Edward Glaeser [1] afirma en su libro Triumph of the City (2011) que el éxito de las ciudades radica en las personas que las habitan y en la interacción entre ellas, donde la densidad urbana facilita encuentros, conversaciones y colaboraciones que enriquecen el aprendizaje colectivo y aceleran la circulación de ideas.


Para Glaeser, la ciudad es "el mayor invento de la humanidad" porque es la forma más eficiente de interacción humana para generar y difundir conocimiento, impulsando la innovación y la productividad. La historia ofrece ejemplos de cómo esta proximidad ha favorecido el aprendizaje y el progreso. En Mileto, el comercio en el mar Egeo creó un entorno de intercambios entre griegos, egipcios y poblaciones de Asia Menor, del cual surgieron las primeras ideas filosóficas. En Atenas, la vida urbana se organizó en torno al diálogo, la argumentación y la crítica; Sócrates, Platón y Aristóteles convirtieron el debate público en un espacio de razonamiento colectivo. En Bagdad, la ciudad se convirtió en un centro de conocimiento que reunió a eruditos que tradujeron y reelaboraron textos griegos, indios y persas, contribuyendo al desarrollo de la álgebra y a la transmisión de la ciencia antigua hacia Europa. En Florencia, la proximidad entre artistas, científicos y comerciantes impulsó transformaciones en el arte, la ciencia y el pensamiento humanista asociadas con el Renacimiento. Recientemente, Silicon Valley reproduce ese mismo patrón: empresas tecnológicas, universidades y fondos de inversión comparten territorio, favoreciendo un flujo de ideas que impulsa la innovación en computadoras, internet, redes sociales e inteligencia artificial [2].


Contemporáneamente, este mismo patrón se observa en ciudades como Nueva York y Boston, consolidadas como centros de finanzas y educación; Chicago, reconvertida en un eje de servicios y negocios (financieros, logísticos y comerciales); y Bangalore, que se ha consolidado como polo de tecnología de la información, software y servicios digitales.
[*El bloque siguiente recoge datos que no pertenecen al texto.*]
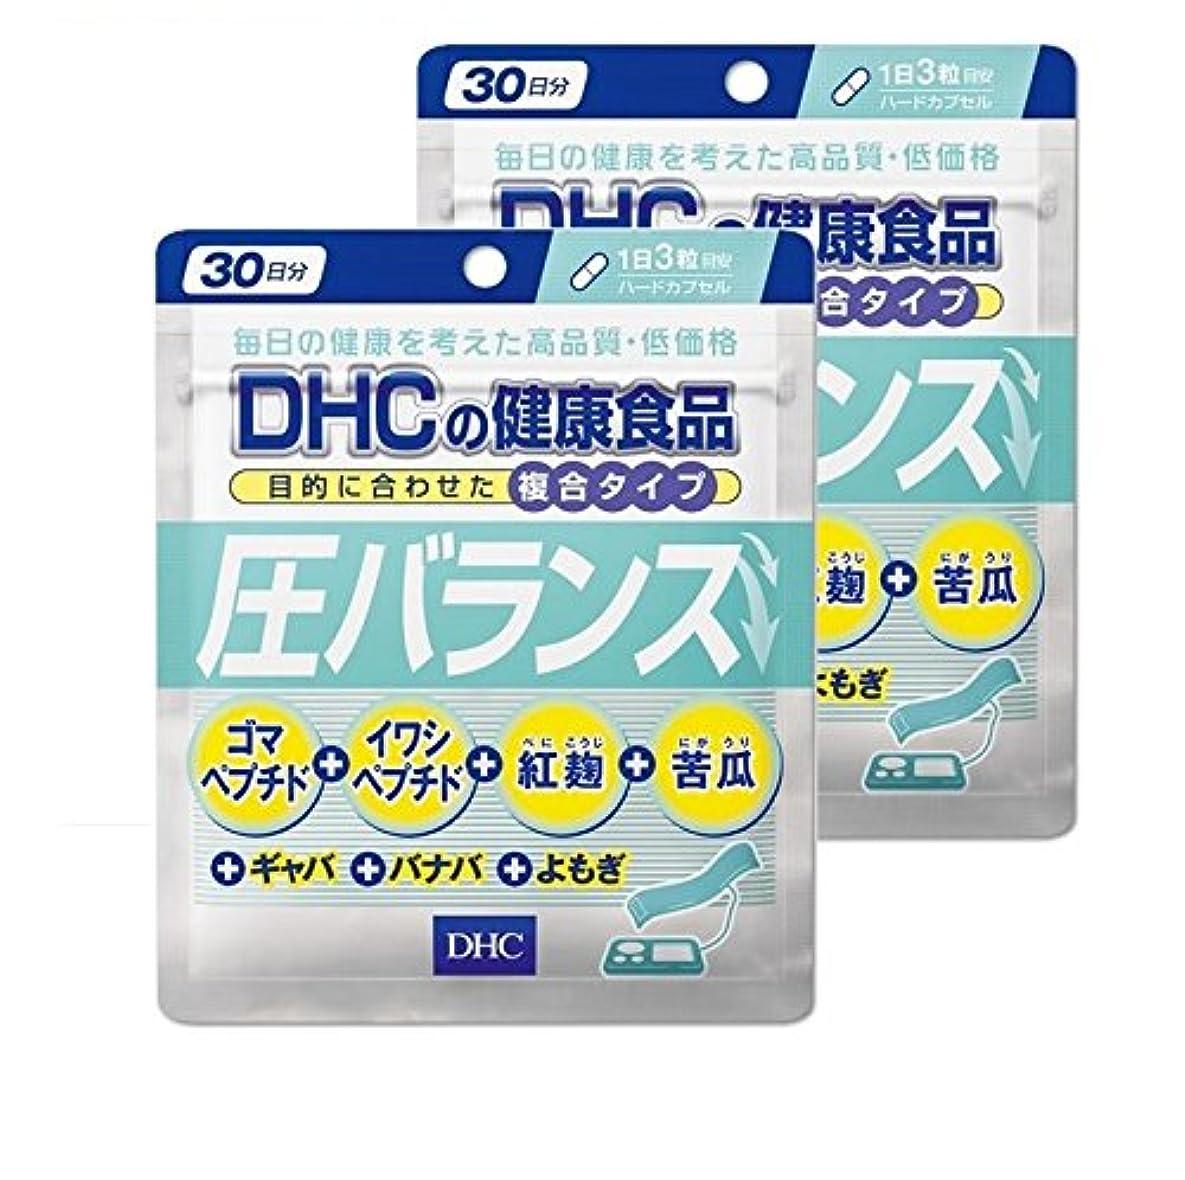 ワットもつれドラマDHC 圧バランス 30日分×2袋

En todos estos casos, la concentración de personas con formación y habilidades convierte la ciudad en un entorno de intercambio, donde la cooperación entre universidades, empresas y centros de investigación, el uso de espacios públicos y la diversidad social hacen posible que el talento se acumule, se comparta y se emplee en nuevas actividades económicas.


Calle de Nueva York con el Empire State al fondo. Peatones caminan, taxis y coches estacionados. Avisos de pizza a $5. Ambiente urbano. Javier Trespalacios

Según Edward Glaeser, Nueva York es un claro ejemplo del triunfo de la ciudad (foto, Javier Trespalacios)
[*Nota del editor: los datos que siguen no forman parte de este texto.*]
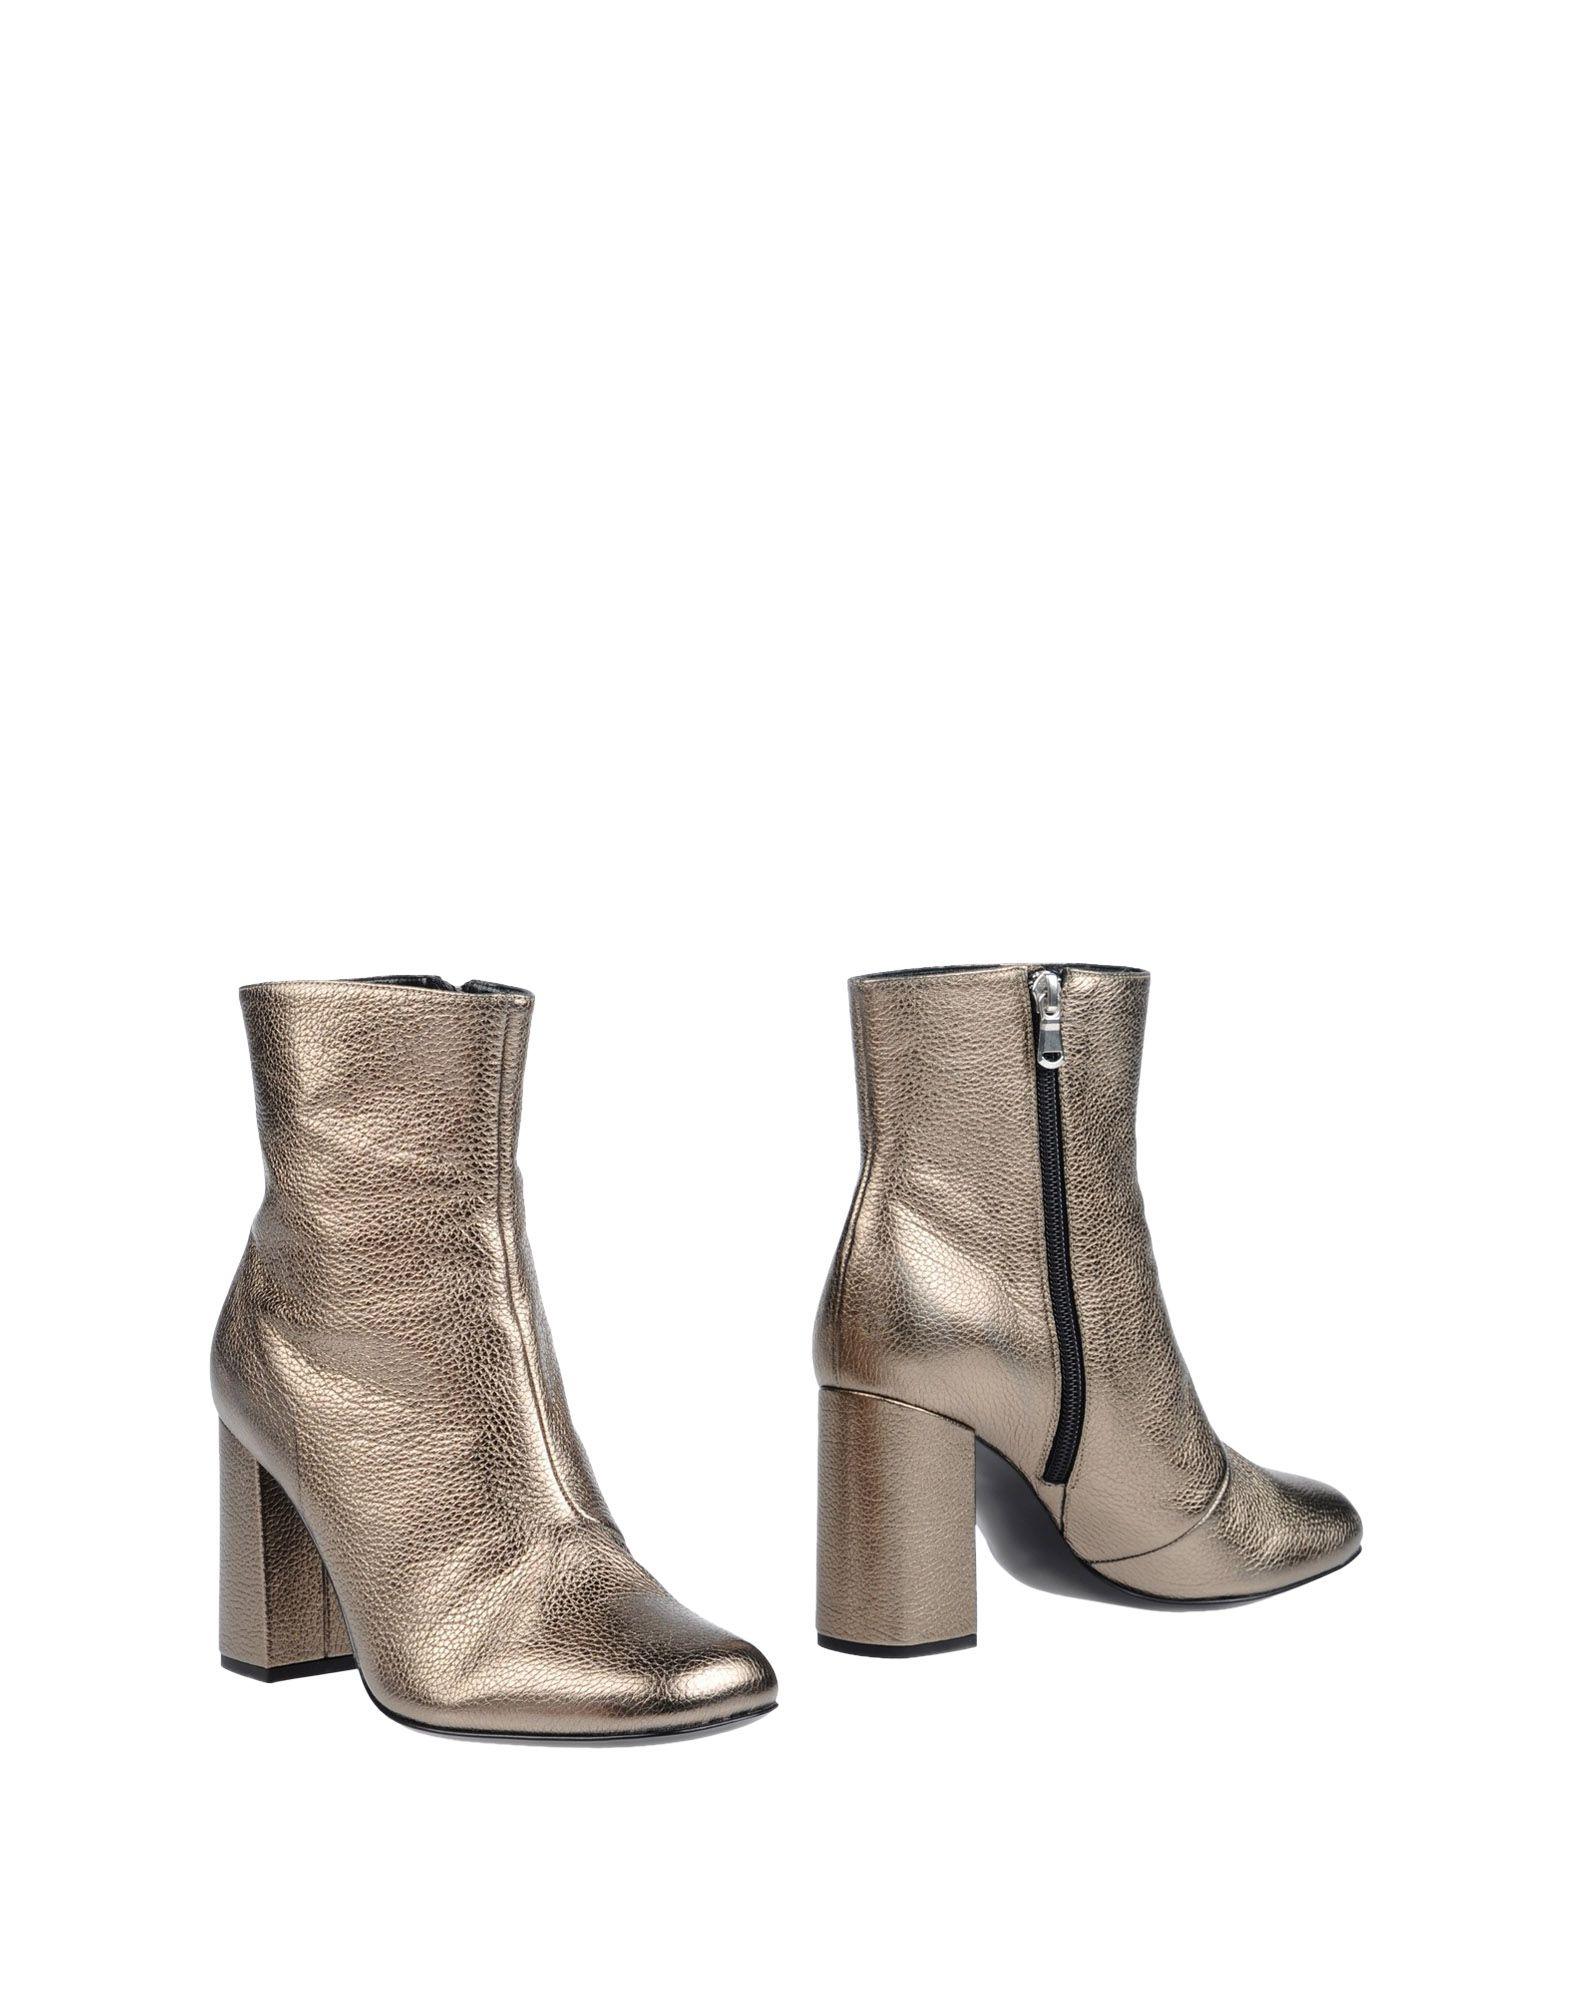 Gianna Meliani Neue Stiefelette Damen  11256147UL Neue Meliani Schuhe 35bbc7

Este proceso genera lo que puede describirse como un “ambiente del conocimiento”: un entorno en el que el aprendizaje, el conocimiento, la difusión de la información y la innovación emergen del contacto continuo entre individuos.


Ambiente del conocimiento para impulsar la sostenibilidad

En este contexto nace el concepto de “ambiente del conocimiento”, donde las personas, en un espacio determinado, independientemente de su formación académica, condición social, cultura o experiencia profesional, se forman en conocimientos básicos sobre un tema específico, como la sostenibilidad, y cuentan con espacios que facilitan intercambios organizados o espontáneos. Este tipo de ambiente favorecería una mejor comprensión de los objetivos comunes y de los procesos de cambio, permitiría identificar las acciones de cada persona, incorporar prácticas de otros en su propia rutina y transformar el conocimiento compartido en un motor que convierte comprensión y compromiso en acción concreta.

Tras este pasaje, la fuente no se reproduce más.